2012年に食道がんを患い、「切る手術」ではなく陽子線治療を選んだ作家のなかにし礼氏は、著書『闘う力 再発がんに克つ』のなかで、医師にがんの治療について相談しても「切るべきだ」としか言われなかったことへの不満をこう綴っている。
なかにし氏の言うとおり、日本ではがんが発見されると、「手術が必要です」と、まず切ることを提案する医師が多い。「がんは切るもの」という選択が日本の医療界では主流なのだ。
翻ってドイツやイギリス、アメリカなどの欧米諸国では、医師はがん患者に対して「切る」以外の治療も積極的に行う。医療法人社団「進興会」の森山紀之理事長が説明する。
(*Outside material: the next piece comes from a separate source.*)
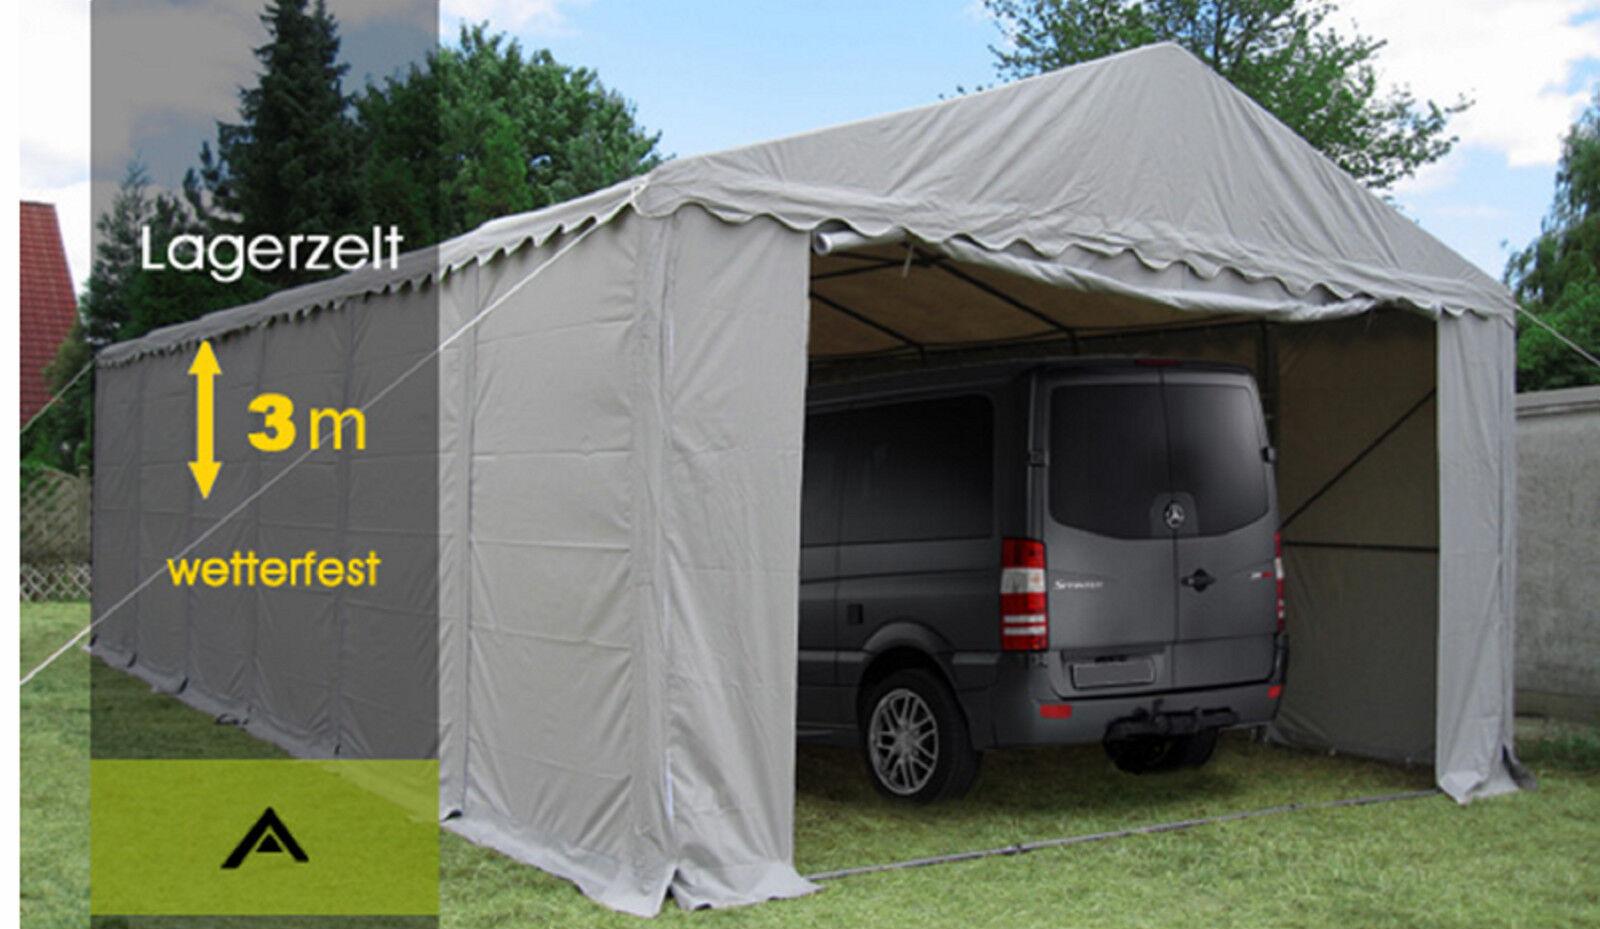 3x6 3x6 3x6 - 6x12m PVC mobiles Lagerzelt Zelt Unterstand Weidezelt Festzelt Lager NEU   Spezielle Funktion    Grüne, neue Technologie    Ausgewählte Materialien  c3f02b

「食道がんや前立腺がん、乳がん、甲状腺がんに対しては、欧米ではコストやリスクを考慮したうえで、放射線による治療を行うことが一般的です。
たとえば前立腺がんの場合、放射線治療も外科手術も、成功率はほぼ同じということがわかっています。にもかかわらず、日本では放射線治療のほうが適していると思われるがんの場合でも、根こそぎ手術で取り除こうとする医師が少なくありません。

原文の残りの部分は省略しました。